具体的に季語“新樹”の例句を求めるには、先ず検索ボックスに“新樹”と入力する。
その後、ひらかなで“れいく”と入力する。この時、日本語変換候補に幾つかの語彙が表示されるが、その中から“575筆まか勢”を選択する。
この結果、検索ボックスには “新樹575筆まか勢”と表示される筈である。
この用語で検索すれば求めるサイトが表示される。

但し、上述の ひらかなの“れいく”と入力して“575筆まか勢”を選択する為には、事前に小細工をしておく必要がある。
即ち、ユーザーズ辞書を使って “れいく=575筆まか勢”を定義しておく必要がある。
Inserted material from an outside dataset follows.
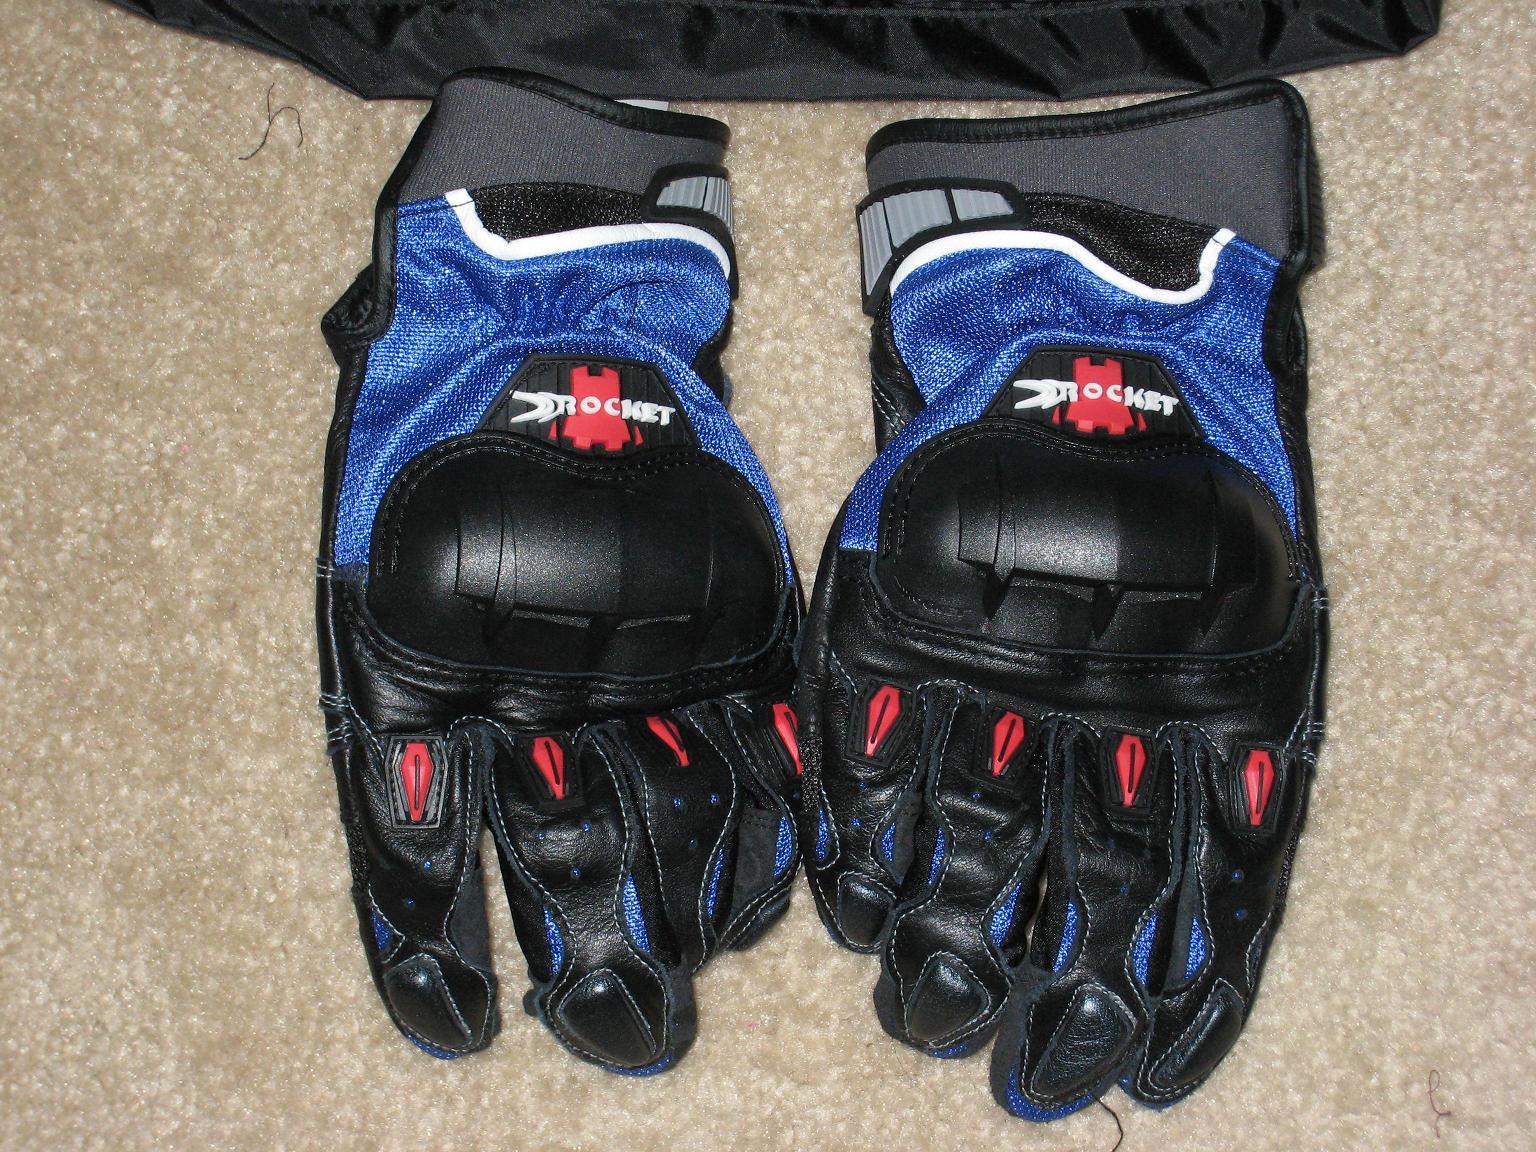 Joe rocket leather motorcycle gloves -  Leather Gloves 10459 Fs New Joe Rocket Phoenix 4 0 Blue Textile Jacket Size M Phoenix

以下はその指定方法。

ユーザーズ辞書定義

▼iPadの場合
設定>一般>キーボード>ユーザーズ辞書

単語 575筆まか勢
よみ れいく

▼kindleの場合
アプリ>設定>言語とキーボード>キーボードの設定>ユーザーズ辞書

読み れいく
表記 575筆まか勢

PCの場合も同様に「ユーザーズ辞書」機能を使い、前もって定義しておく。

春の季語から現在の当季季語までは既に表示可能である。
来年の三月末(2015年3月末)までに全季語について表示可能となる。